Iceboy in Lavaworld

You may think platform games that resort to including a lava world, ice world or, heavens to Betsy, a combined lava and ice world, are suffering from designer’s imagination impoverishment syndrome (the well-documented but as yet untreated D.I.I.S. epidemic sweeping our industry). Let me tell you, they are not; these worlds are a virtual reflection of a typical Japanese tradition: the heaters and air-conditioners in office buildings.

After the sweltering heat and suffocating humidity of a Tokyo summer the dry, crisp cold of a Tokyo winter is usually the highlight of my year. The skies are bright blue, the sun shines, the air is dryer than an A.A. meeting and temperatures are comfortably low without the fear of frostbite. I love Tokyo winters. I love them as much as I detest Tokyo summers, and that is a lot!

However, with the cold outside air-conditioners, operating on a building-wide regime, get turned to heating, blasting the entire building with warm air, with no real options to turn it off locally, save for allowing a few slight temperature settings. What usually happens is that the building owner or concierge discusses with representatives of each company in that office when would be a good time to switch and at what time in the morning to turn on the device or when to switch it off. Sometimes it isn’t even discussed and the switch is made when the calendar dictates it’s autumn or spring, regardless of the weather. For most companies this works fine, but not for game development studios.

We are on a higher floor, so the heat of the floors below us rises. On top of that we have enough computers and devkits, whirring away, often and usually unnecessarily overnight, that we could, if we wanted, calculate Pi to the billionth decimal in microseconds. All these devices generate heat. All our pasty, flabby bodies, stuffed together in a small office, generate heat. The air becomes heavy, stale and hot. We open the windows but there is little breeze, so the desks on the outer edges become freezing cold but those in the center remain in pockets of stifling, stale warmth, not unlike a badly microwaved apple pie. In one office you’ll see both people with heavy coats and lap blankets as people with T-shirts and slippers. The outer circle develops colds, the inner crowd headaches. Productivity plummets, people get tired. And short of forcing a shutdown of the building-wide heating system there is nothing that can be done about it.

The summers aren’t much better, the situation being the polar opposite (and that is a better pun than you’re giving it credit for!) Those in the inner parts of the office are freezing, wearing coats and lap blankets as the air-conditioner blasts icy gusts straight down their necks, while those next to the windows are sweating and stripping to the bare essentials.

Maybe I have been unlucky, but in the small majority of offices I’ve worked this was the case. Recently it’s been so bad on any given day there will be at least 4 or 5 people off on a sick day – in itself a rare occurrence in Japan. It is extremely unpleasant. But at the same time, what can you do? Apart from having the building owner install a better and presumably much more expensive system would probably negate the cheap rent that got us renting an office here in the first place. Moving to another building would, aside from the problems of finding viable, affordable places, eat away at our already tight deadlines. We’re up a certain stretch of river without a boat propulsion device. Or rather, we are stuck in the first circle of Hell without the eternal damnation.
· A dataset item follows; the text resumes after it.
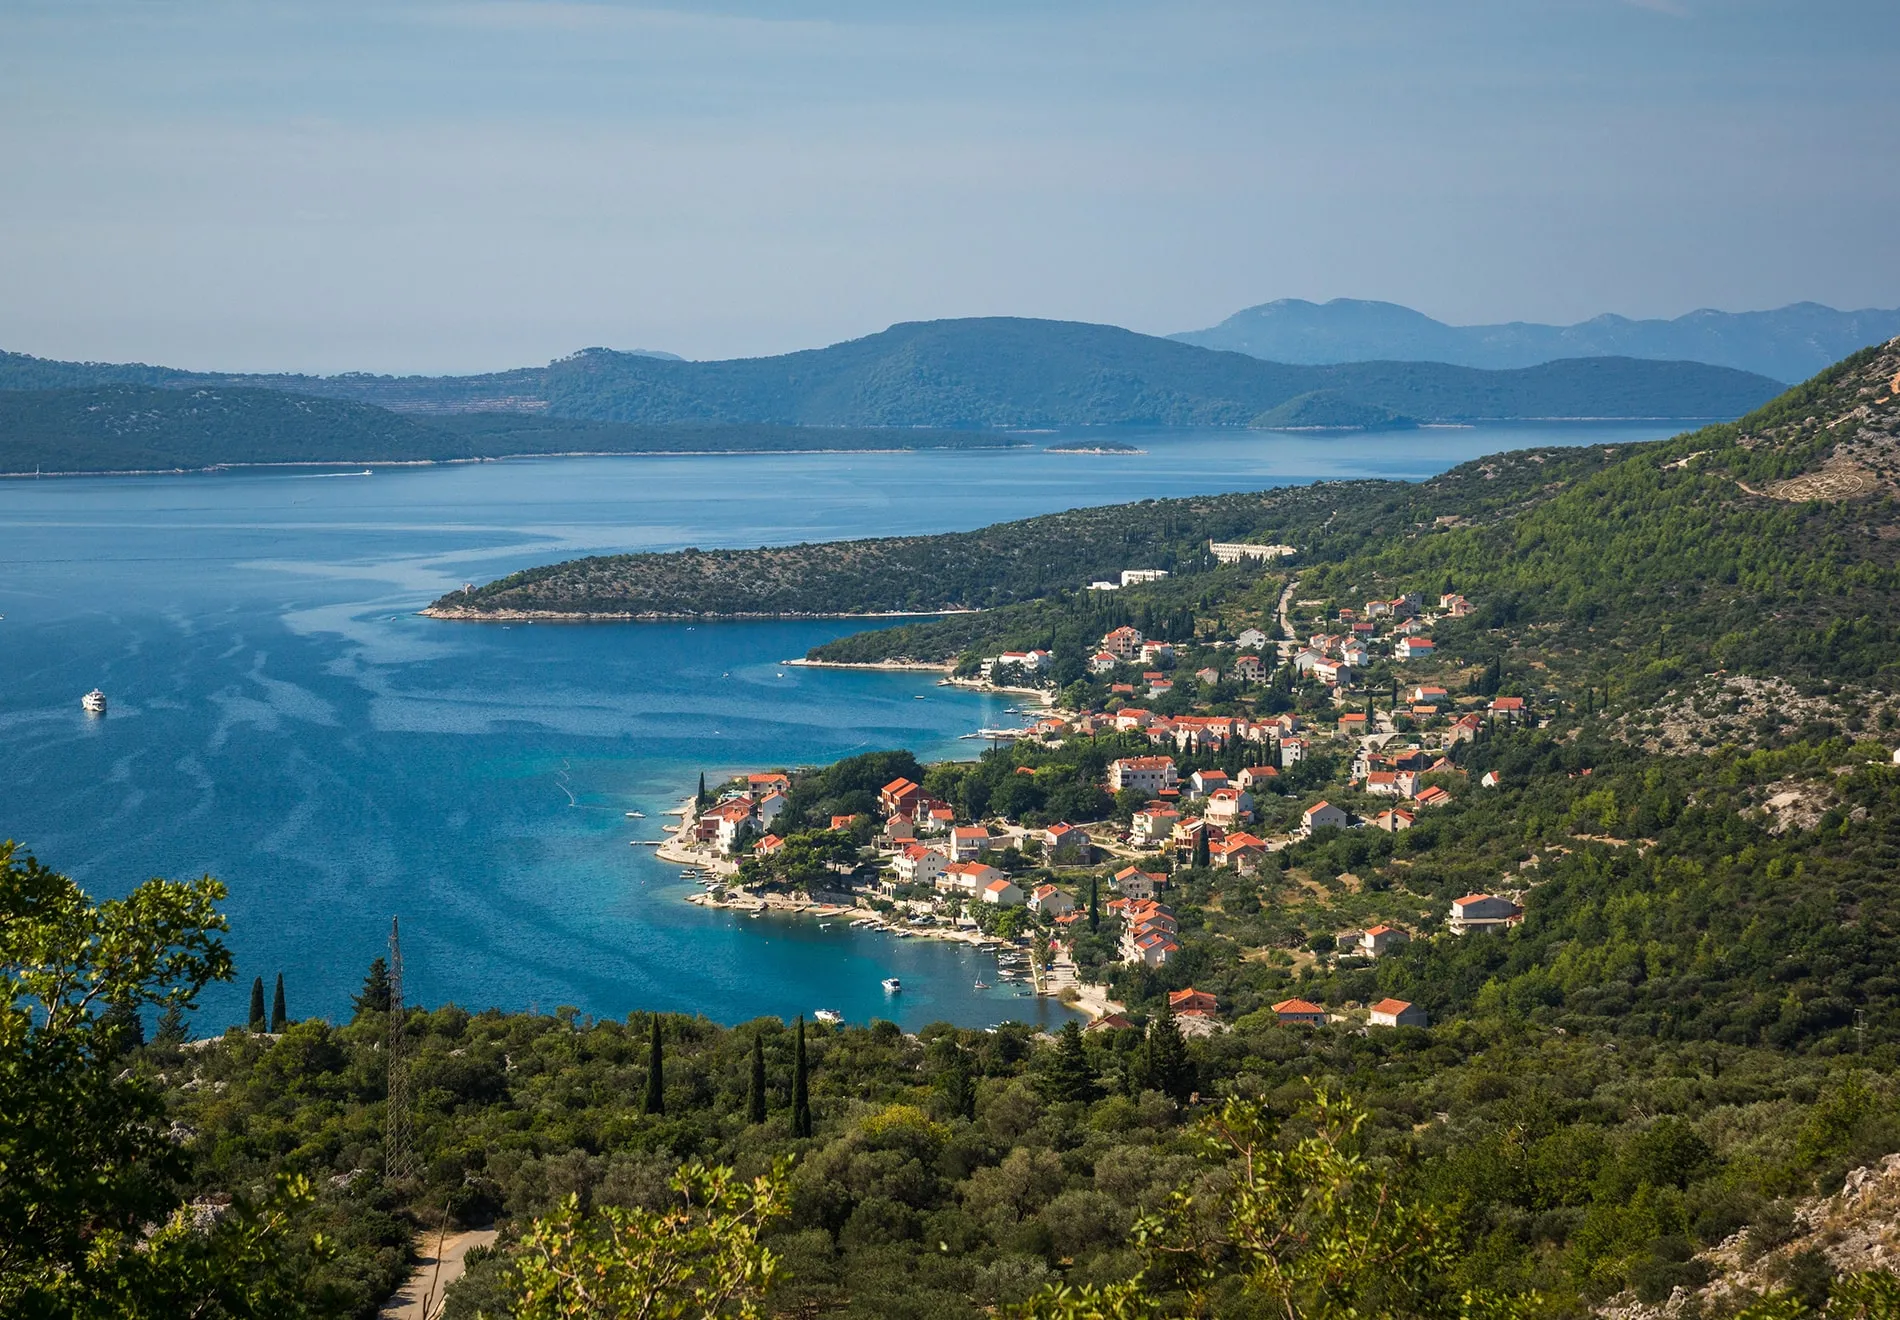 Dubrovnik - Slano Bay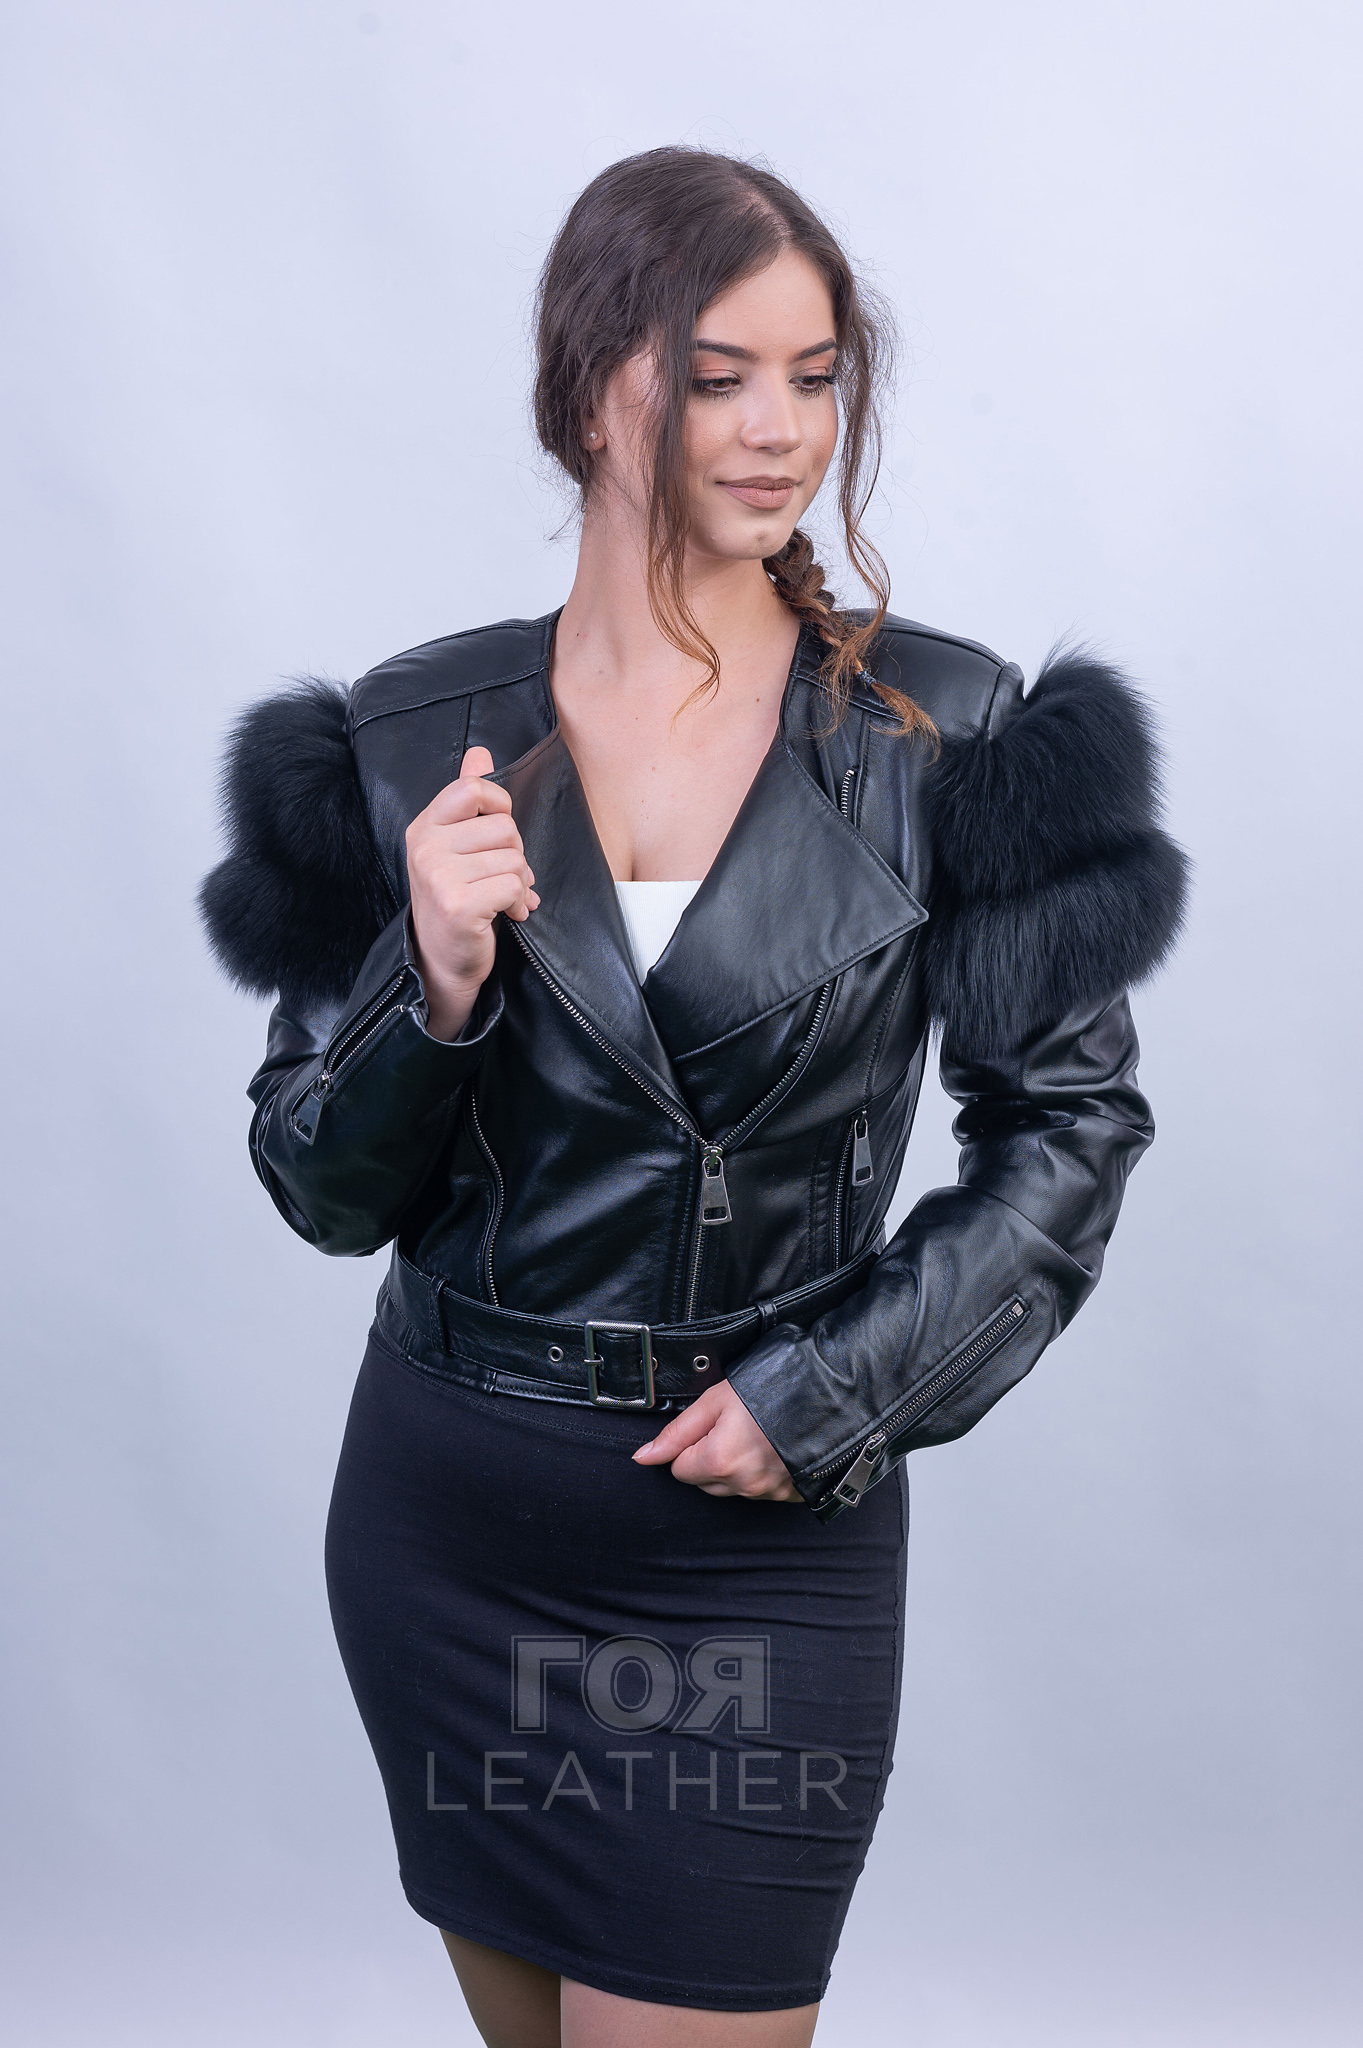 Късо кожено яке с лисица от ГОЯ Leather.Екстравагантен къс модел кожено яке с гарнитура по ръкавите от лисица. Изделието е изработено от 100% естествена кожа.

So there you have it; lave and ice worlds in games are actually subtle and politically subversive comments on the tyranny of office building air-conditioners. I bet you didn’t know that.


  1. Wouldn't be the summer conditions be more like a badly microwaved hot pocket?
    Habe you though about setting up some fans to circulate the air a bit?

    Oh the calender/design switch craze in Japan.
    All the poor students having to wear the winter uniform when it's hot and the summer uniform when it gets cold.

  2. We have fans, but their effective range is about half a yard. You'd need about seven fans per person... :(

    Poor students indeed. Store clerks too are victim to the calendar, with their wool/cloth uniform switches. It's getting worse too, with the weird climate changes. This year it was quite warm until quite late, so people were already stuck in their winter uniform while it was still sunny and pleasant.

  3. such rigidity in uniform dates. Seems very impractical...

  4. You should be able to buy standalone air conditioning units like these:

    All they need is a vent to the outside through a window. We used one of these while we were waiting for our main airconditioner to be repaired.